Gold climbed to near a three-week high Wednesday as the U.S. dollar weakened following President Donald Trump’s announcement of a temporary ceasefire with Iran, triggering a swift and broad repricing across commodity and currency markets.

Spot gold rose 2.0% to $4,801.35 an ounce, while U.S. gold futures for June delivery advanced 3.1% to $4,828.55 — a notable reversal for a metal that had been under sustained pressure throughout the prior month as surging oil prices stoked inflation fears and pushed expectations for Federal Reserve rate cuts further into the future.

The ceasefire, brokered through last-minute Pakistani diplomacy, commits Iran to ensuring safe passage through the Strait of Hormuz — the narrow waterway through which roughly 20% of global oil flows — during a two-week suspension of U.S. military action. Oil prices plunged more than 15% on the news, and the U.S. dollar index fell in tandem, making bullion cheaper for holders of other currencies and providing an immediate technical tailwind for gold.

The metal’s rally carries an element of irony. Gold had paradoxically struggled during the war’s most acute phase, as the energy-driven inflation surge it triggered led markets to price in a more restrictive Federal Reserve stance for longer. Gold tends to underperform in elevated interest rate environments, and the combination of rising crude prices and fading rate-cut expectations had weighed heavily on the metal even as geopolitical risk spiked. Wednesday’s move reflected a rapid unwinding of that dynamic — oil down sharply, rate-cut wagers reviving, dollar softening, and gold reclaiming lost ground in a single session.

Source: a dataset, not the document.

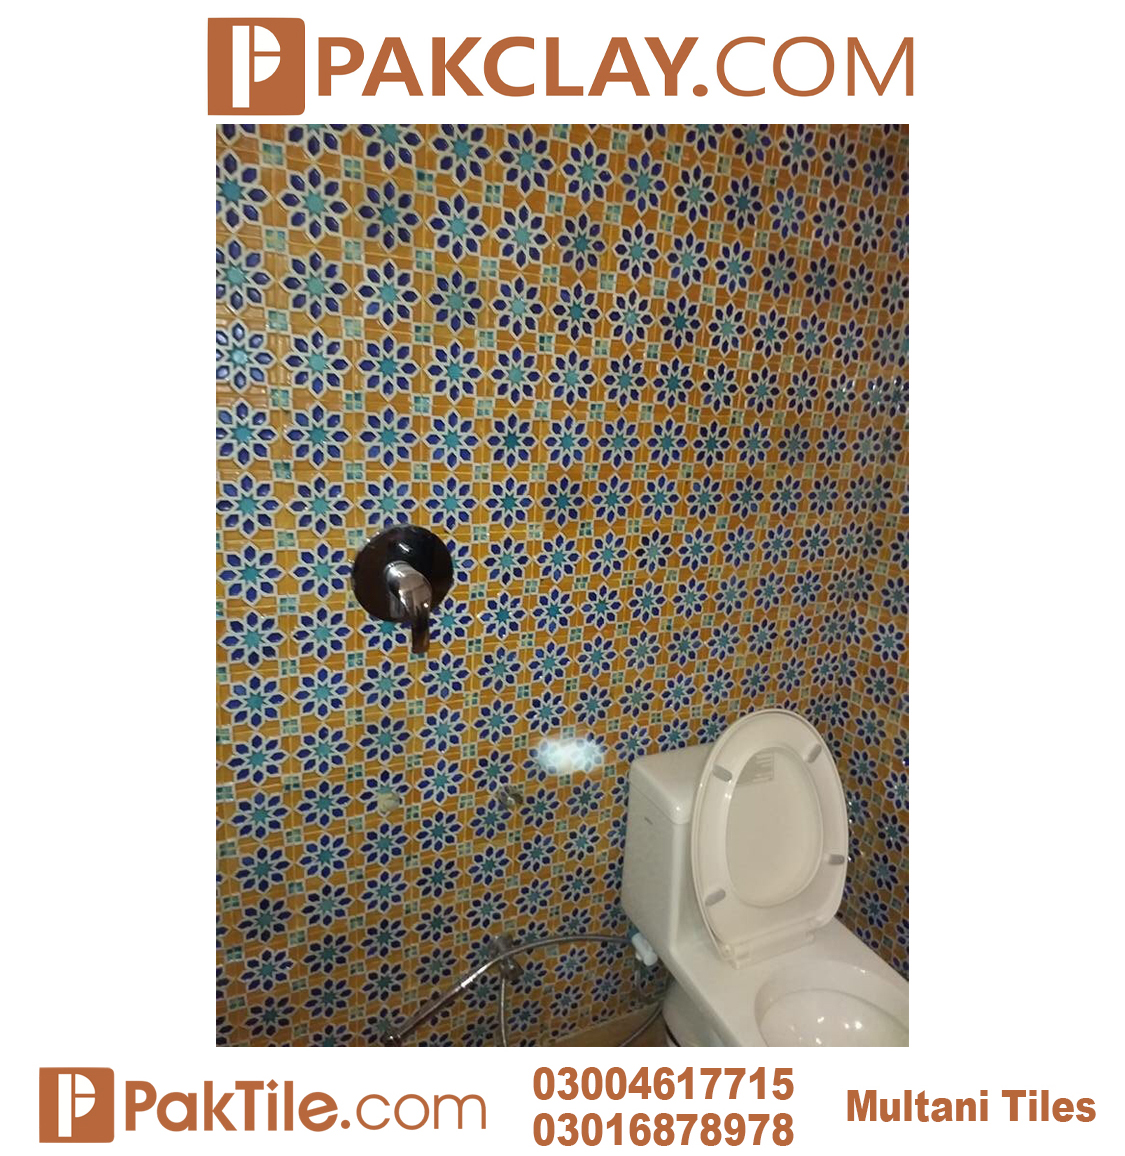 3 Bathroom Moroccan Tiles in Pakistan

The durability of the rally, however, rests on uncertain foundations. Market participants are now looking ahead to Friday’s U.S. March consumer price index report, which is expected to provide one of the first concrete readings of the inflationary damage inflicted by weeks of elevated energy costs. Economists anticipate headline inflation accelerated on a monthly basis, driven primarily by higher fuel costs — a figure that, if it surprises to the upside, could complicate the Fed’s policy calculus and temper enthusiasm for further rate-cut bets regardless of what happens in the Gulf.

For now, gold is trading the ceasefire as a turning point. Whether Friday’s inflation data confirms that narrative or complicates it will determine whether Wednesday’s surge marks the beginning of a sustained recovery or simply a relief rally in a metal still caught between geopolitical risk and monetary policy crosscurrents.